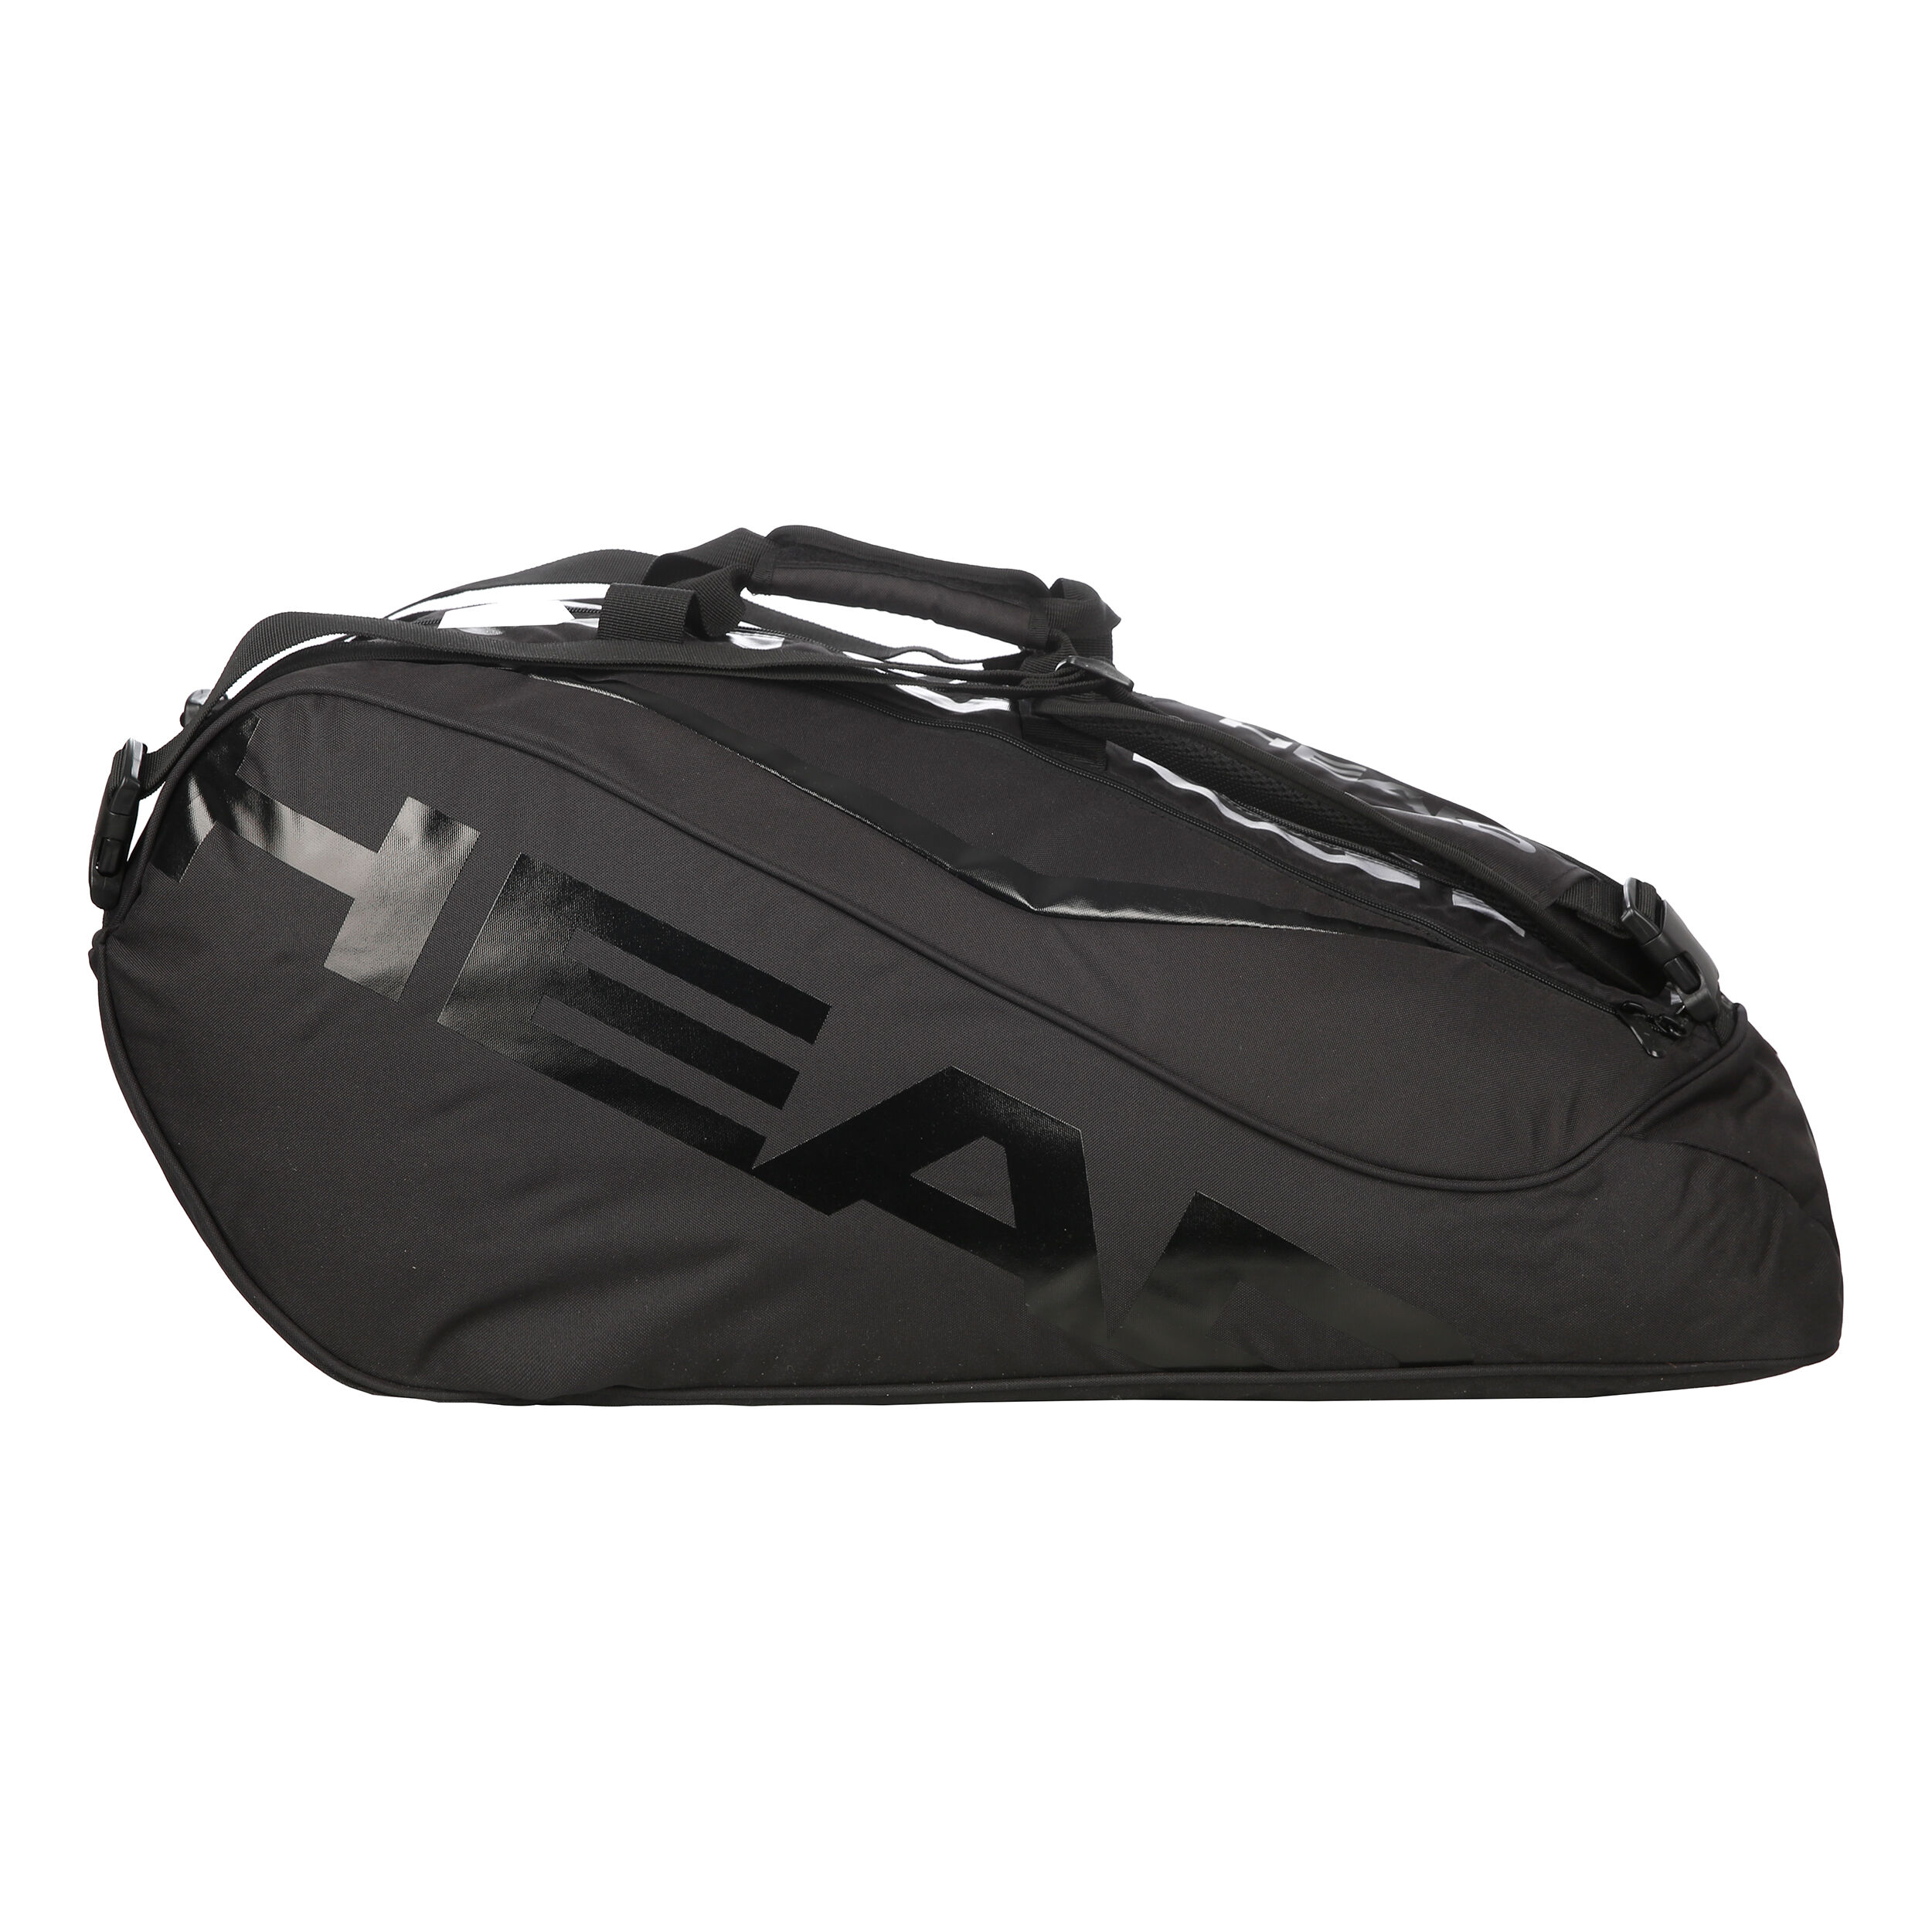 Team 12R Monstercombi Racket Bag Special Edition - Black
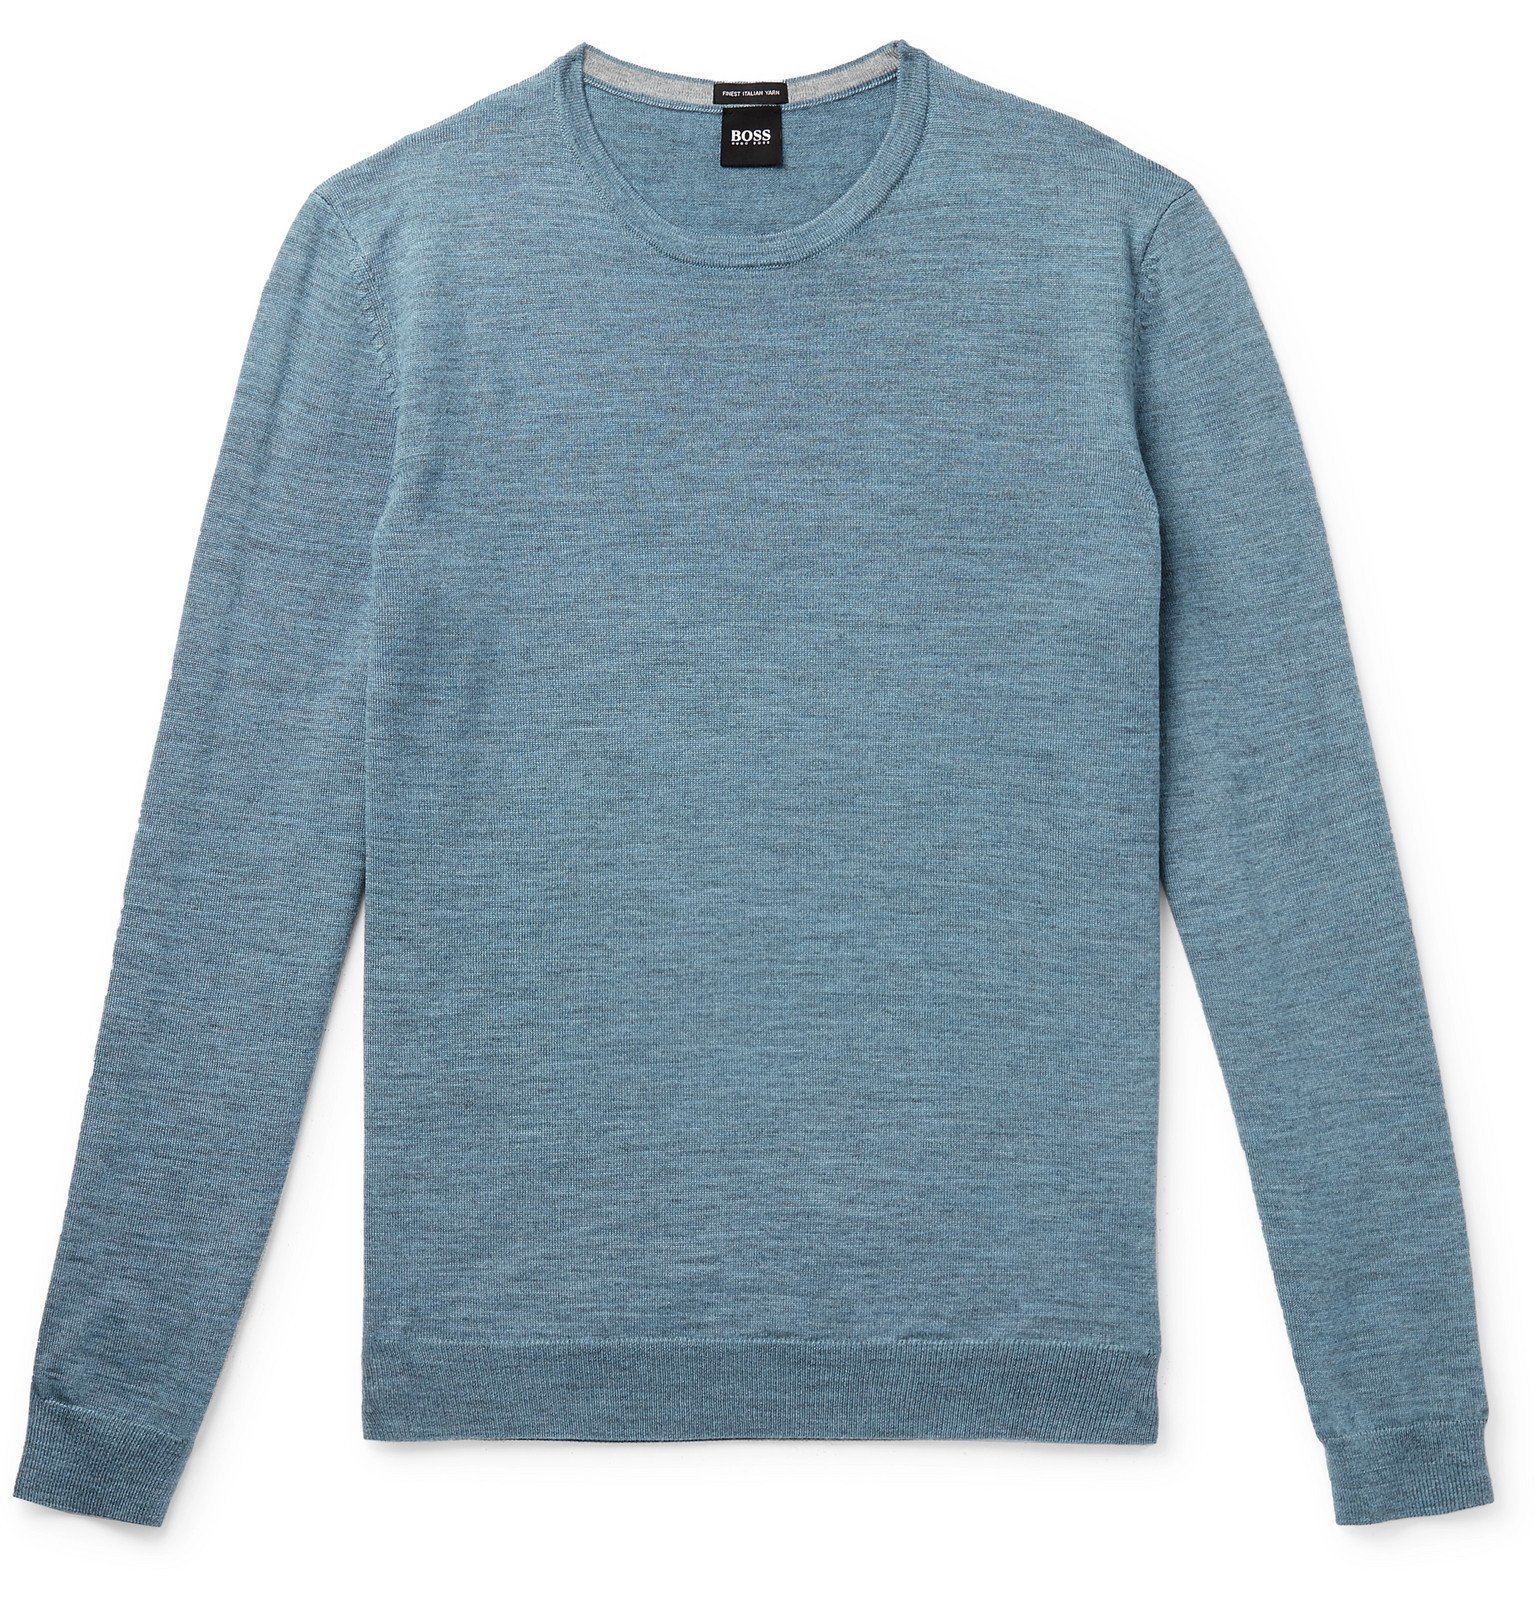 hugo boss sweater blue
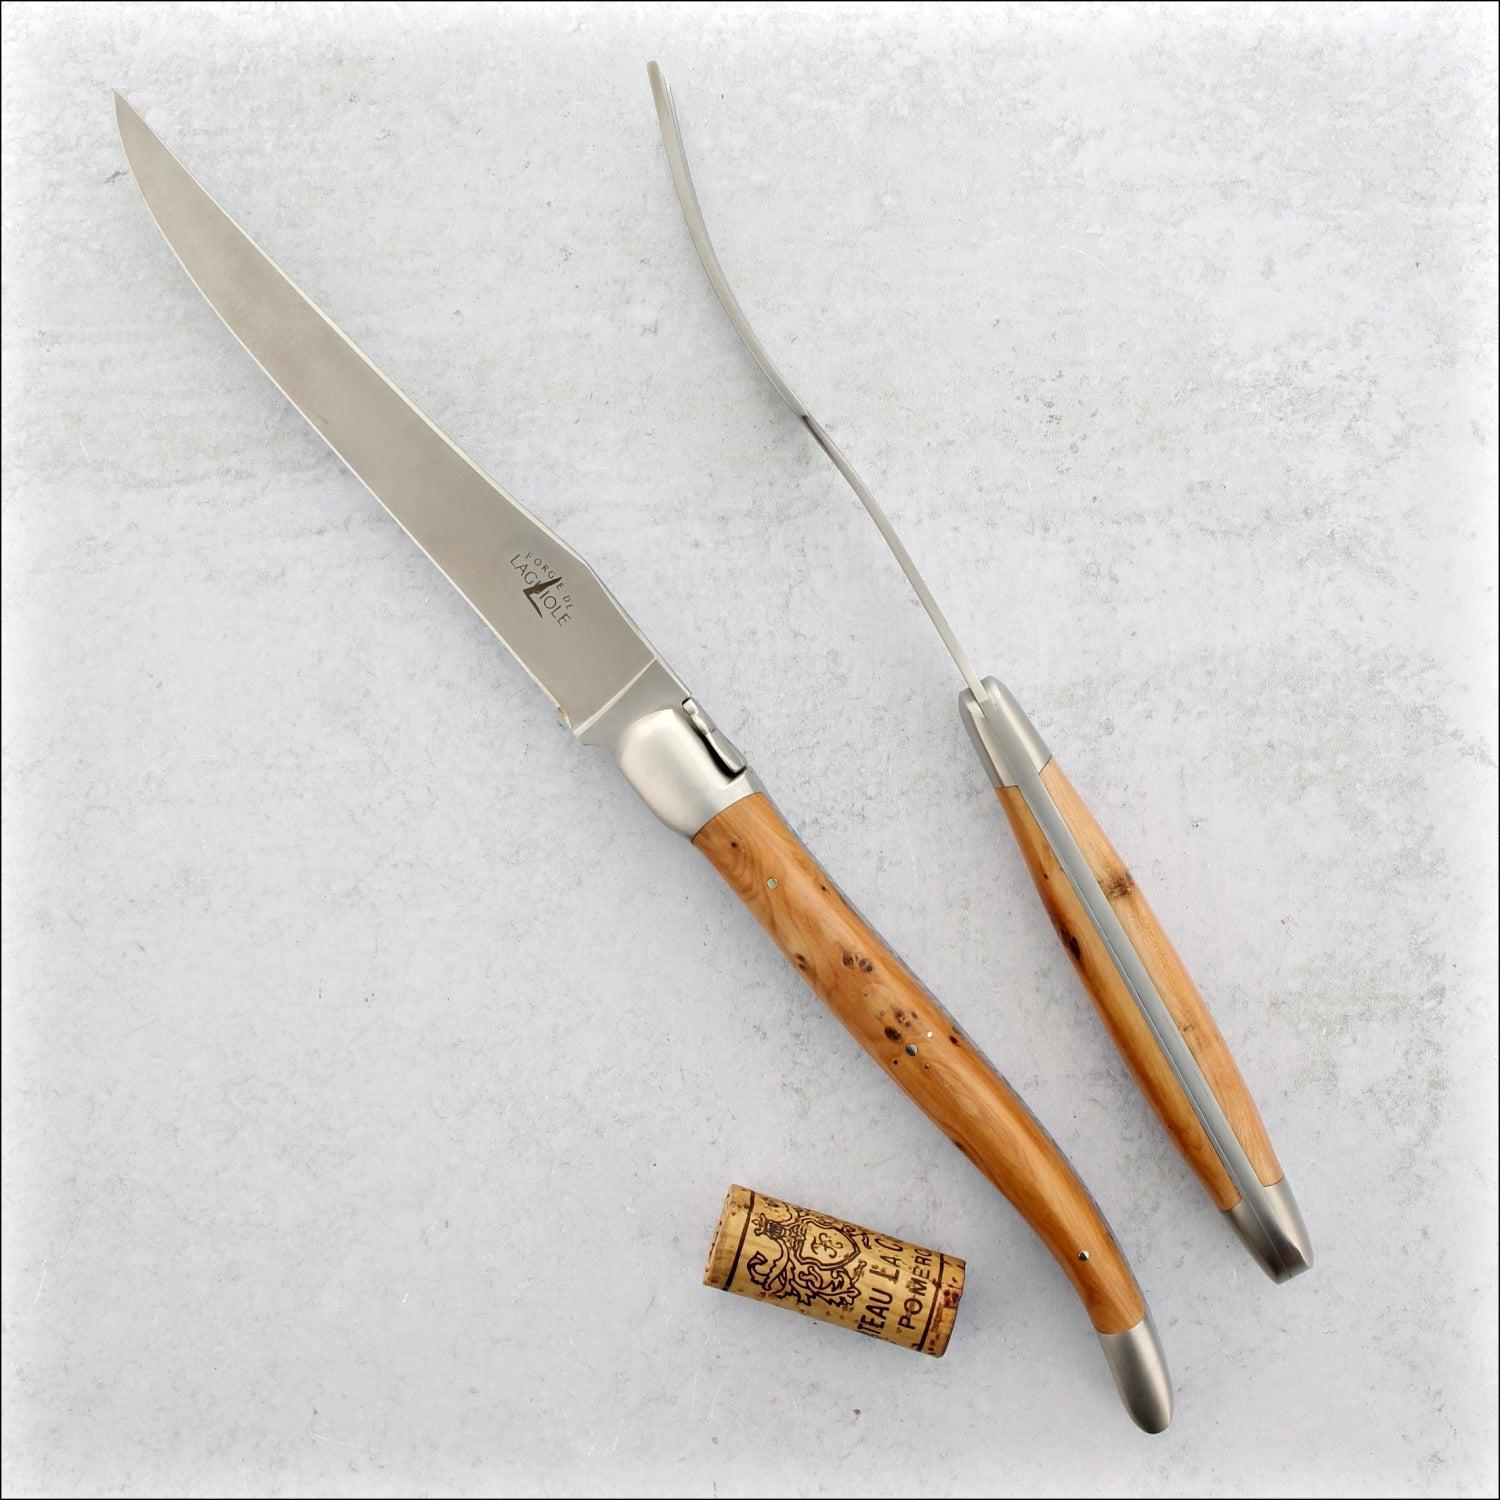 Forge de Laguiole 6 Piece Steak Knife Set Assorted Wood Handle Shiny Finish
__________________________________________________
_WHAT YOU ARE ASKED TO DO:_ Copy out the whole listing word for word, except for any picture it includes.

_COMPLETED EXERCISE:_
 Team 12R Monstercombi Racket Bag Special Edition - Black
 hugo boss sweater blue
 Forge de Laguiole 6 Piece Steak Knife Set Assorted Wood Handle Shiny Finish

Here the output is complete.